У всякого автора - свой герой.

У имеющего всякие лавры, всевозможные литературные премии, награжденного орденами в Кремле, упомянутого сочинителя, которого можно назвать "русским певцом фашистов", герой - Гудериан.

Мой герой - Иван Степанович Конев.

Я ему обязан, а также обязан генералу Николаю Ватутину, генералу Павлу Ротмистрову, генералу Василию Швецову и миллионам наших погибших солдат и офицеров тем, что они спасли мой родной город от фашистской оккупации, а Родину - от порабощения. И ещё тем, что мирно и счастливо продолжаю жить на улице славного воина, где на табличках звание "маршал" написано с большой буквы - на улице Маршала Конева в достославной Вологде.

А Гудериану я лично не обязан ничем!

Наоборот - он мне обязан! Он не вернул мне долг за поруганную отчую землю, за безвинно убитых, за сожжённые города и деревни, за истребление фашистами моего древнего крестьянского рода, у которого война забрала всех мужчин.

Да простит меня читатель за отступление. Наболело - не мог не выплеснуть! В самом деле, как ничтожна суета по возвеличиванию фашистских военных командиров-преступников перед всем человечеством, преуспеть в котором изо всех сил желают современные либералы в России.

Бедные, несчастные люди, мне их искренне жаль!

4

Вернусь в позднюю осень 41-го, на заснеженный просёлок.

Свернуть с него на автотрассу Москва-Ленинград представляло большую опасность. Немецкие самолёты стерегли дорогу днём и ночью, бомбили подряд всё, что двигалось - машины, конные повозки, безлошадных пешеходов, а иногда - и стада коров, которых, спасая, перегоняли с западных районов на восток.

Поэтому чаще приходилось пробираться окольными путями. Особых трудностей не возникло, Николай Чуранов прекрасно угадывал местность с одного взгляда, будто ехал по вологодским знакомым местам, ни разу он не заблудился.

Сон у генерала после прочтения листовки пропал совсем.

Внимая убаюкивающему гулу мотора, Конев всё думал и думал о себе, о ситуации, возникшей в Советском Союзе из-за внезапного нападения фашистов и вынужденного нашего отступления.

Тяжелые мысли перетекали из вчерашнего дня в близкое прошлое, а из того былого - опять в минувший день. Томили генерала вопросы: "Мог ли Сталин негласно распорядиться о расправе над ним? Только ли его вина была в том, что дивизии попали в окружение под Вязьмой? Где теперь Анна и дети, что с ними? Как сложится его завтрашний день?".

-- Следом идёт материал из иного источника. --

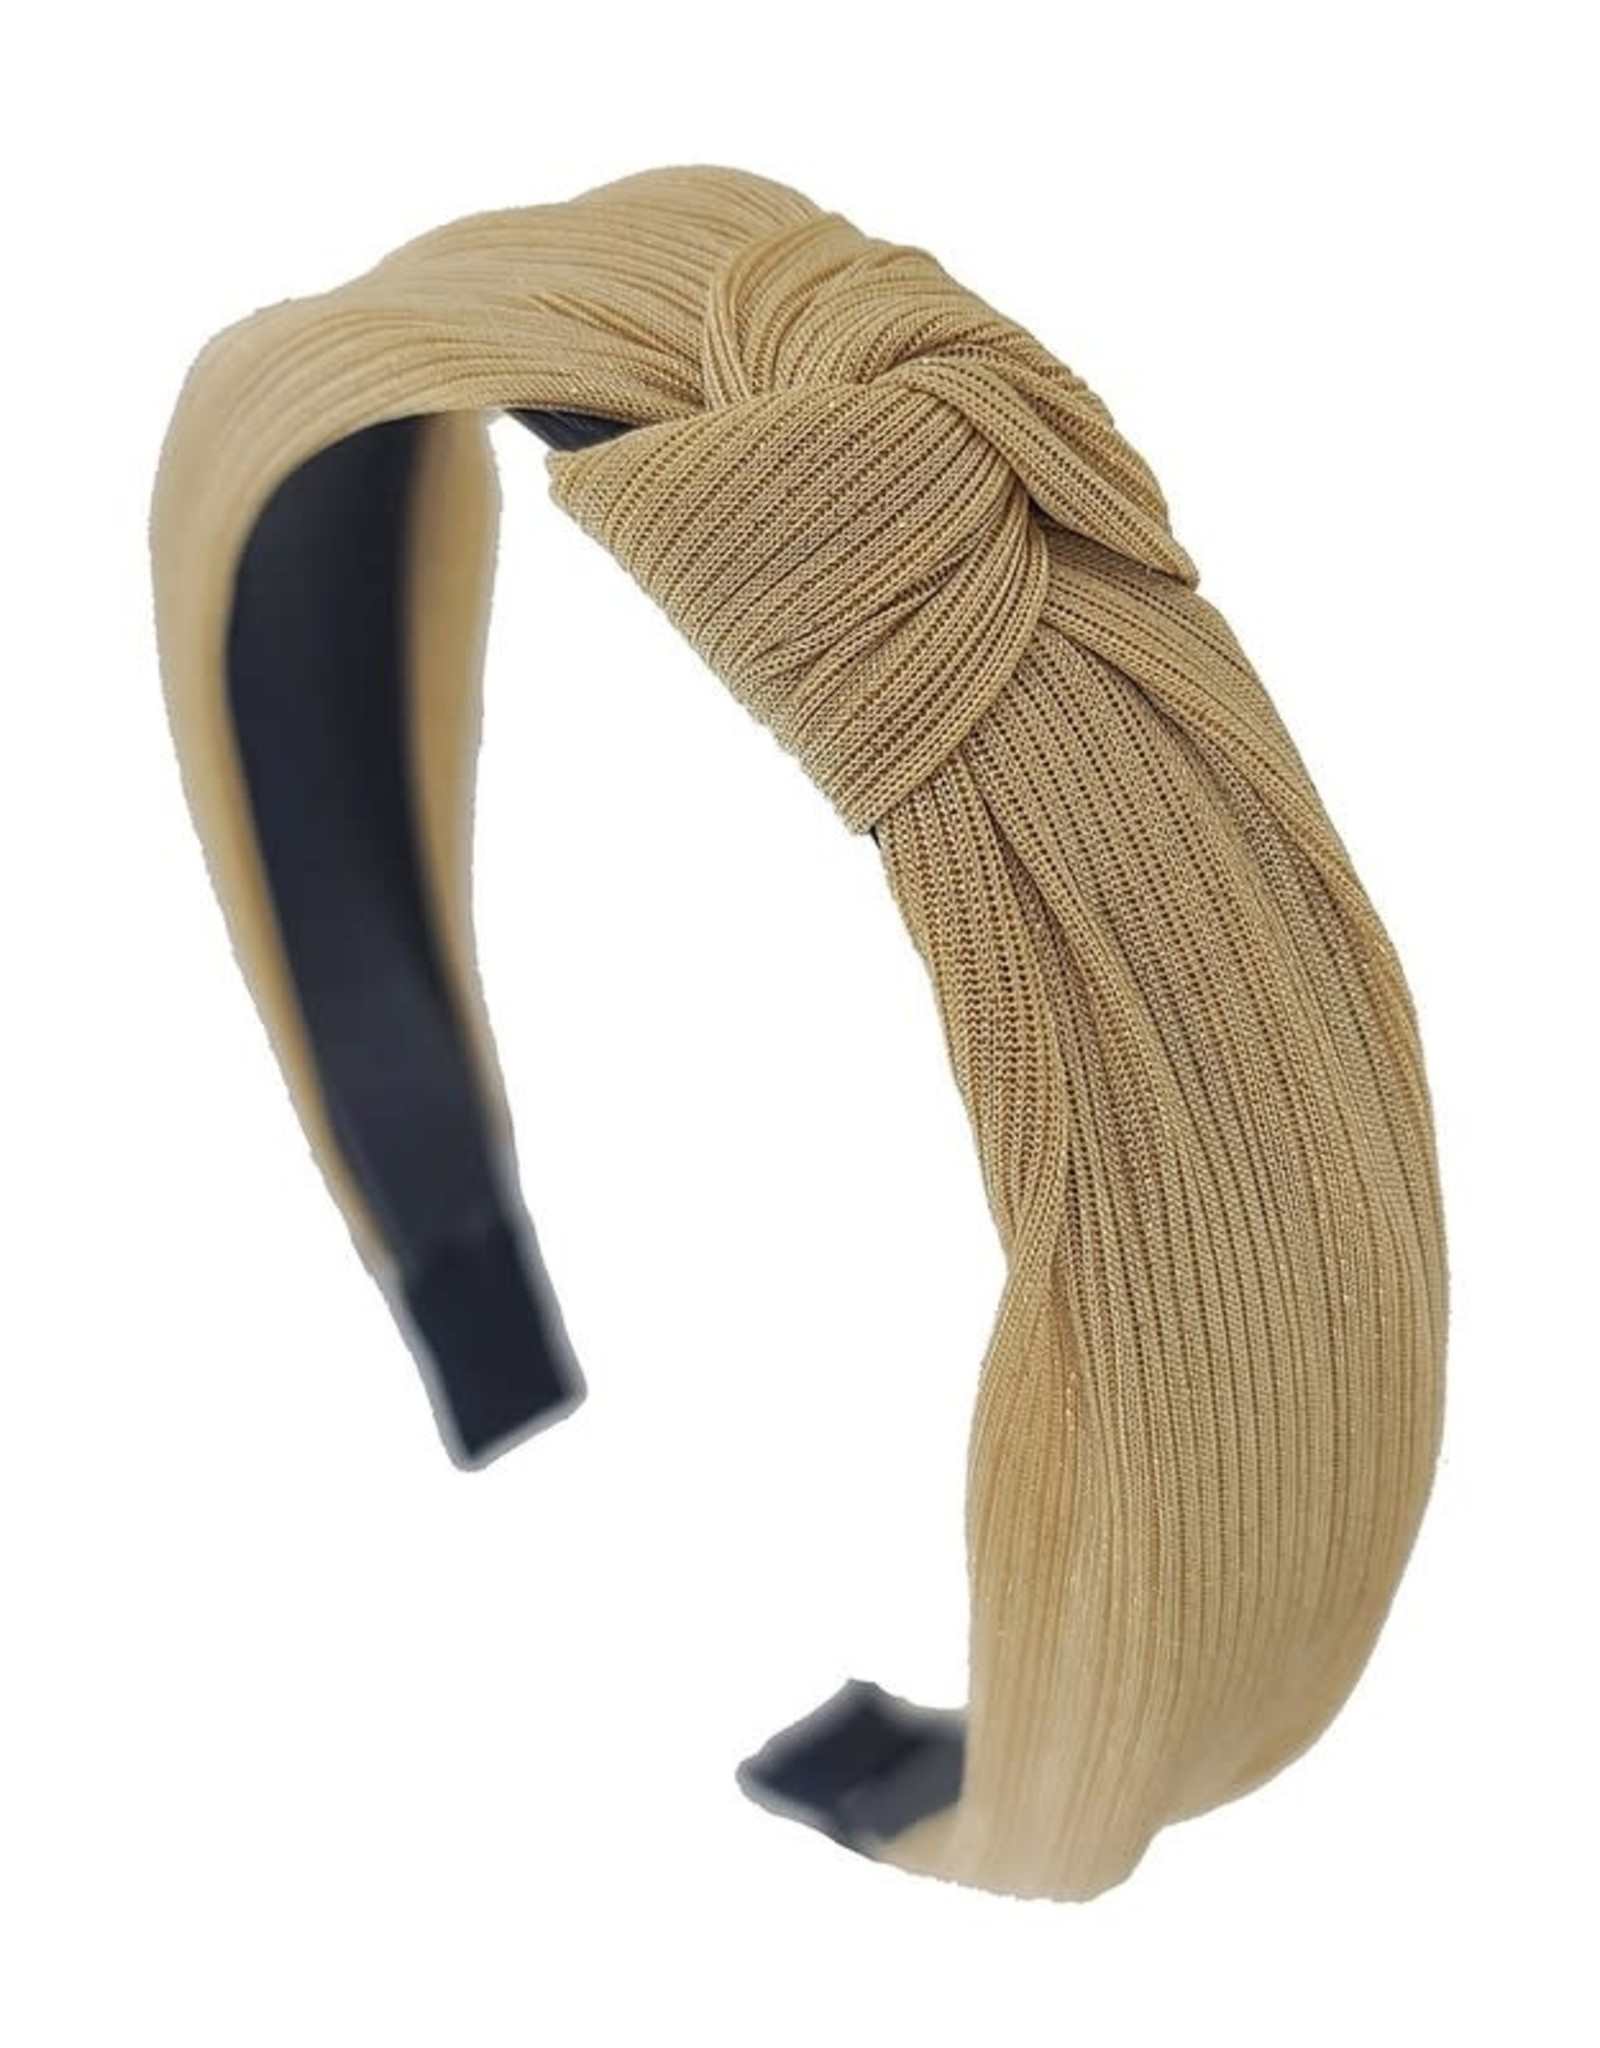 Funteze Accessories JODY Shine Headband

Вставал в памяти тридцать седьмой, а за ним - и тридцать восьмой годы, когда уничтожали верхушку Красной армии, полководцев арестовывали одного за другим, многих - пускали в расход; когда чувства страха, унижения, какой-то неминуемой безысходности тяготели над большей частью офицеров, начиная от командира роты и кончая командующим округом. Тогда чувство товарищества, чувство дружеского локтя, чувство взаимовыручки уступали место нелепой подозрительности.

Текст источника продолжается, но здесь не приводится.